Also, *not* doing this may represent a greater cost for us and our users
in the long run. There is no doubt that this layer of our code
represents a large amount of technical debt that we need to deal with at
some point.

We may be able to re-use a lot of the work that has already been done in
django-sqlalchemy [4], which is similar to this proposal in some ways,
or at least has done some of mapping.

It's possible that we won't be able to remove as much code as I'm
suggesting, leading to us having our own database-compatibility layer
on top of SQLA's, which might make our code ugly and harder to maintain
than doing it all ourselves.

For example, Oracle doesn't support LIMIT/OFFSET, and we have our own
workaround. SQLA also has a workaround that works transparently (I think
it is basically the same SQL), so we can delete all our code for this.
However, if there is a workaround we've got that SQLA doesn't have, or
doesn't apply transparently, or works differently to ours in an
important way, we might still need our own 'dialect' classes.  It may be
possible to get SQLA to accept patches for this in some cases, or use
SQLA's extension points to modify it's behaviour e.g. [5]. Mike Bayer
would definitely work with us on this (I've emailed him about it).

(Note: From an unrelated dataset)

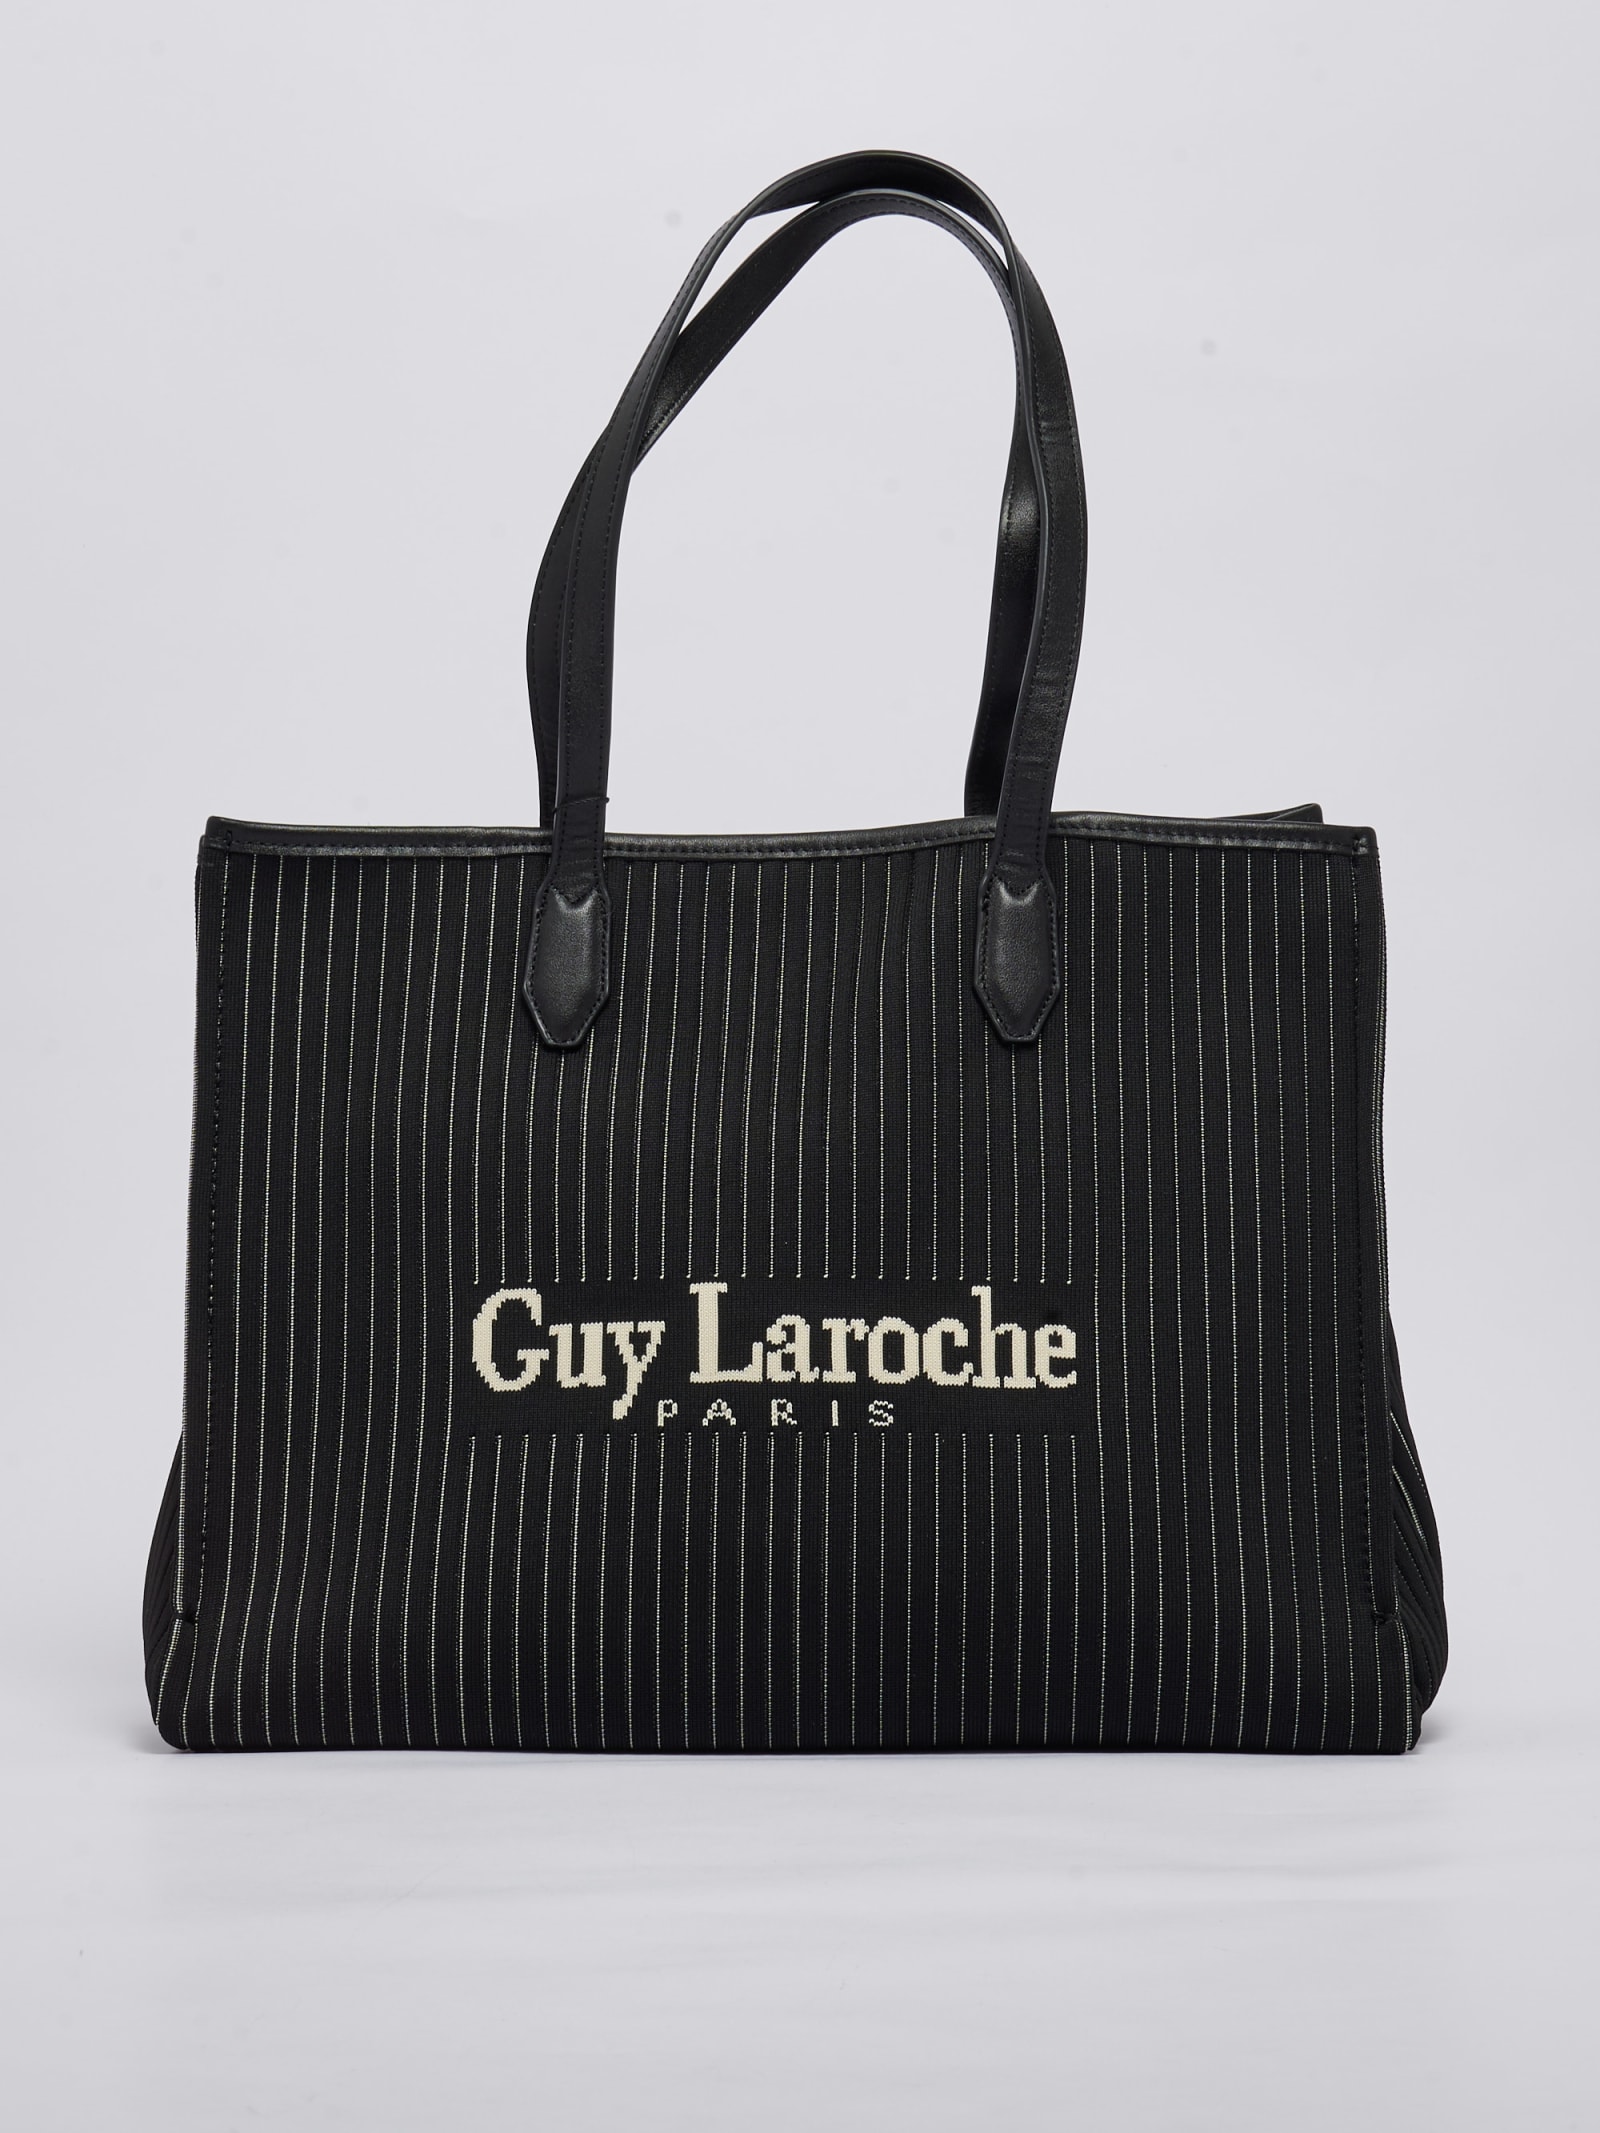 Guy Laroche, Bags, Guy Laroche Purseside Pack

Finally, this change would probably require us to start helping out with
SQLAlchemy, at the very least investing enough to be able to effectively
contribute patches etc.


=== Implementation ===

(You can skip this section, it's just rough ideas I've come up with in
trying to assess the amount of work needed).

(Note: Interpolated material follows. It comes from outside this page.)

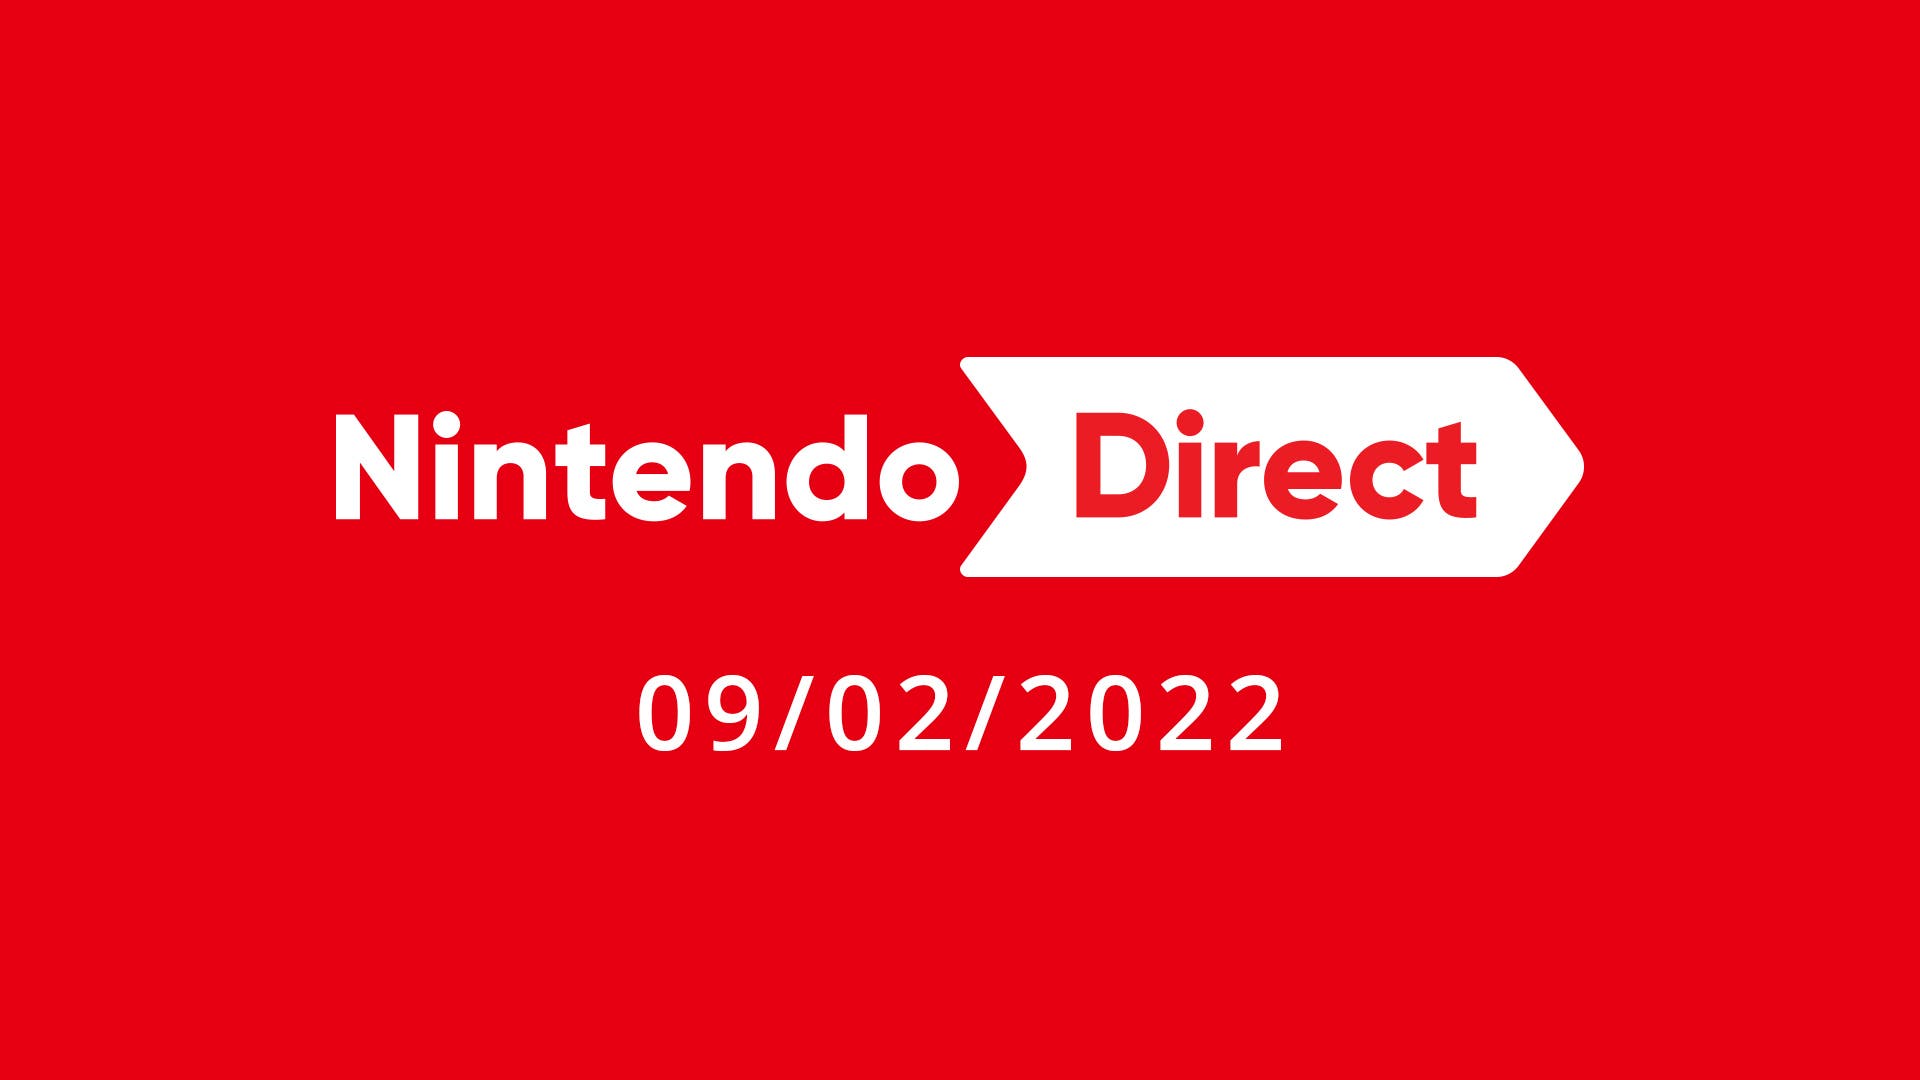 Top de los tráilers del último Nintendo Direct más vistos en YouTube

There are different strategies I can think of to break it down into
steps that will leave Django roughly working after each major step. Here
are some:

== Strategy 1:

The most direct, and in some ways the simplest, but requires a few huge
jumps.

1) Replace all our connection objects with SQLAlchemy's. Each individual
backend (sqlite, postgres etc) would return SQLA connection objects.
All SQL generation would still be done in Django.

2) Replace DDL SQL generation with SQLA Core.

3) Replace DML SQL generation with SQLA Core.

4) Replace backend/*/introspection.py

== Strategy 2:

1) Rewrite one of our backends (probably SQLite) so that it uses SQLA to
connect to SQLite. SQLite is a good choice because we tend to use it for
running the test suite fast, but not for production, maximising the
number of people who might be willing to try out this branch.

2) Rewrite its DDL SQL generation so it uses SQLA Expression Language.

3) Write a SQLCompiler class for SQLite, in the same way that we have a
MySQL/Oracle SQLCompiler, but rewriting *all* the methods, to use SQLA
Expression Language to build the queries.

4) Allow backends to provide their own QuerySet, and give SQLite its
own. The implementation delegates to a new Query class that uses SQLA to
build query objects.

5) One-by-one, migrate all the other backends so that they inherit from
the SQLite backend and classes, added fixes in subclasses where
necessary. Move the fixes down into the backend where possible.

6) Eliminate the whole 'backend' concept, pulling up the SQLite
implementation as the only implementation, renaming it etc, and removing
our own connection wrappers.

(Steps 3 and 4 might need to be combined/reversed).

== Strategy 3:

Same as strategy 2 except start by creating a 'SQLAlchemy' backend
(which can connect to any of the DBs via configuration). It might be
more confusing as it involves an extra layer of indirection. However, it
might be a better strategy, because you could actually develop this in a
branch that can be used in production, because just by a config change
you can use the new method. You could even merge this branch into master
regularly, which would encourage development.

Also, in this strategy, the first step - a SQLAlchemy backend that still
generates all queries the old way but has SQLAlchemy connection objects
- would be useful by itself. It would solve the problem of transactions
and a slow test suite for the case of a mixed Django/SQLA code base (see
above).

When the SQLAlchemy backend can fully pass the test suite for all
different DBs, and is using all SLQAlchemy stuff for SQL generation, it
will become the only backend, and the extra layer of indirection can be
removed, along with all the old code we are no longer using.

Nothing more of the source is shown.